You Completed the Caption

A lady having trouble with her stockings always gets a man's attention. Here's what you wrote:


Joey: "Move smartly my dear. Unfix that garter belt and down with the panties. Do not keep me waiting much longer or you will not be sitting comfortably for a couple of days."

Gary Ntboy: 'I'm going to leave the curtains open so that the neighbours can see you getting this well deserved spanking my dear.'

Ronnie: Jim was wondering what he'd look like in stockings and suspenders.

Prefectdt: "I had better be careful not to ladder those stockings, when I am over her knee."

Six of the best: "Yes, first ungarter your stockings my dear. Then remove your dress and knickers. For I propose to give you 'six of the best' strokes of the cane, across your bare bottom, as a birthday present Hermione" said her ever loving husband, to his darling wife.

Sir Wendel Jones: No more back talk or I’ll spank you again.

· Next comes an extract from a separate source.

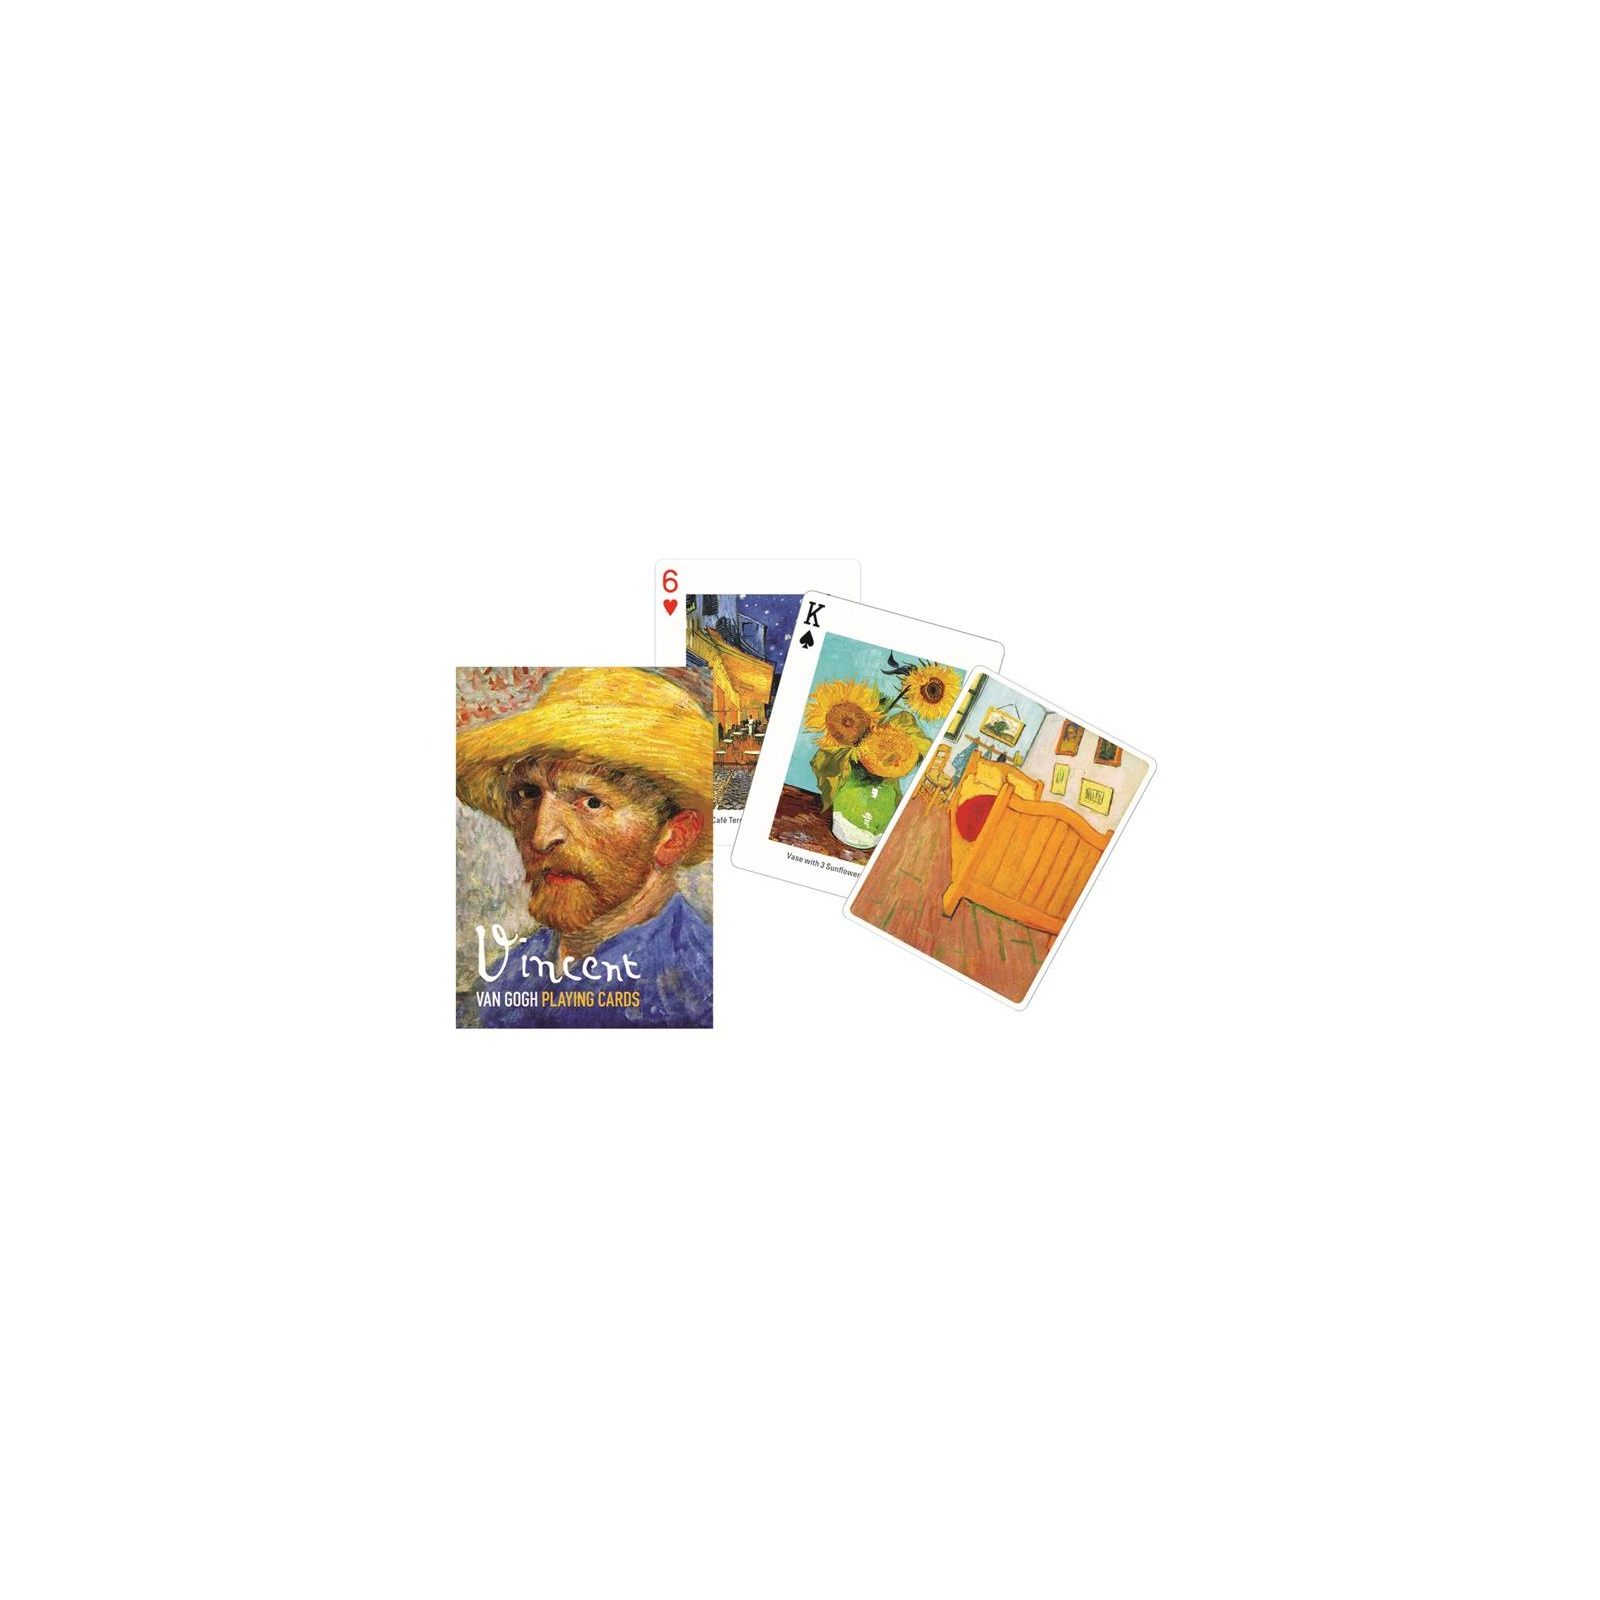 Гральні карти Piatnik Вінсент ван Гог, 1 колода х 55 карт (PT-164910)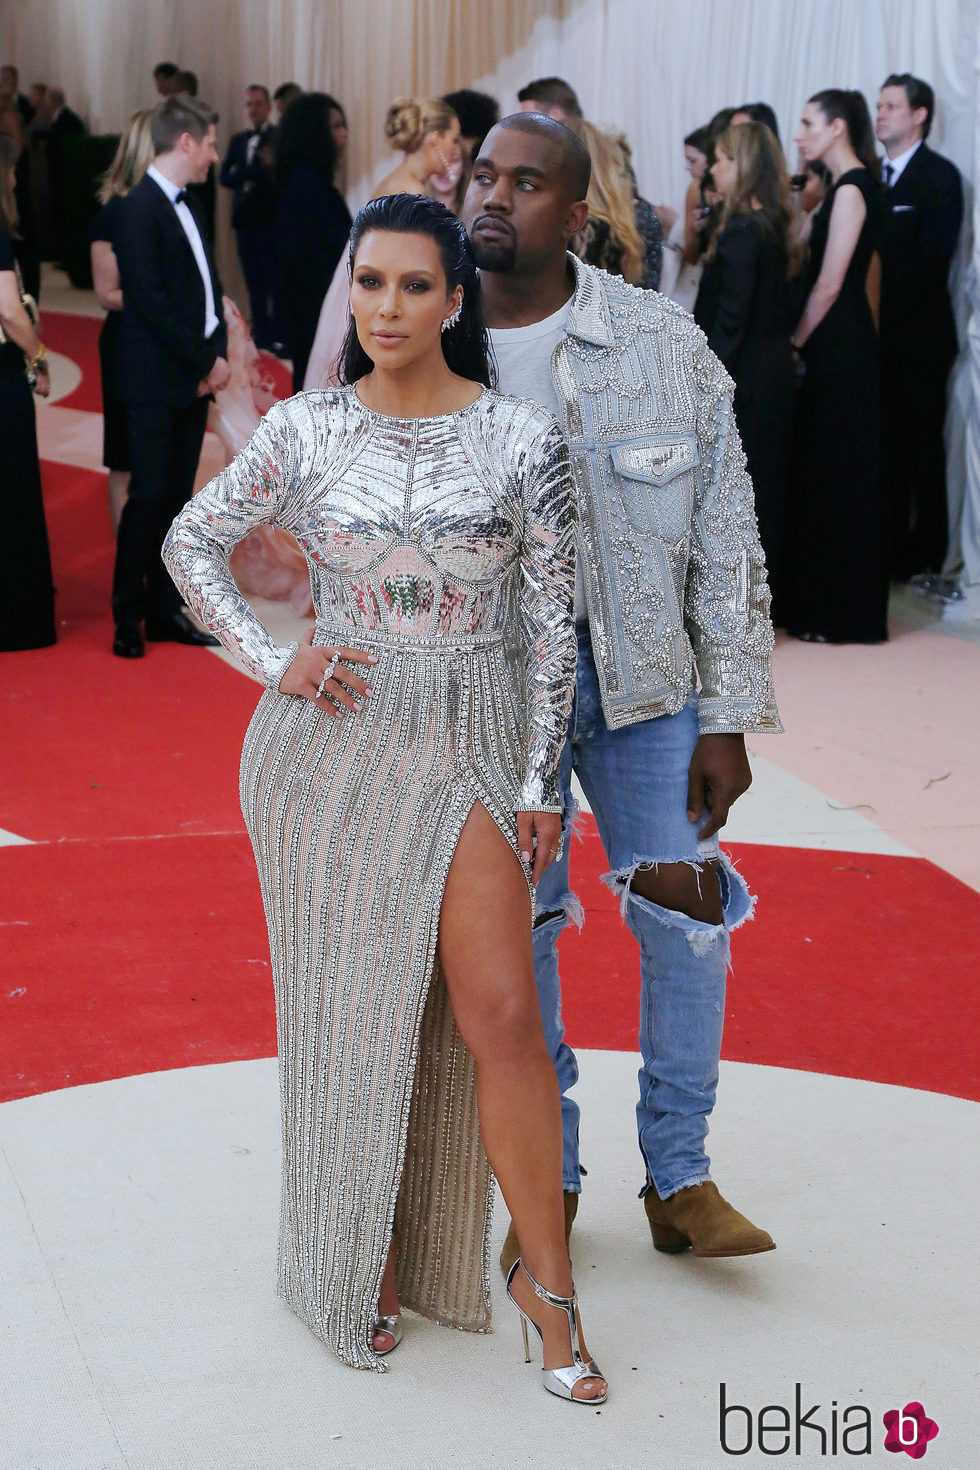 Kim Kardashian y Kanye West en la alfombra roja de la Gala Met 2016

Dr. Ken: "Well, what do you know? That spanking really DID 'knock her socks off'..."

Young Lady: "That's not a bruise, that's a birthmark you've had our whole marriage, stop whining or I really WILL give you something to cry about"

Girl: And you're REALLY certain the invite said no underclothes? I want your mother's garden club to accept me, but I feel so naked.
Guy: MmmHHMmmm.

Ana: Him, thinking to himself: I did good.

Fanz123: Daughter, how many times must I tell you! Use the bedroom not the lounge to adjust your clothes. NOW! go get your hairbrush.

Hermione: I can't fasten my stocking, there's something in the way. I think you left your hairbrush under my skirt.


Thanks to all who contributed this week. Now go enjoy the Superbowl!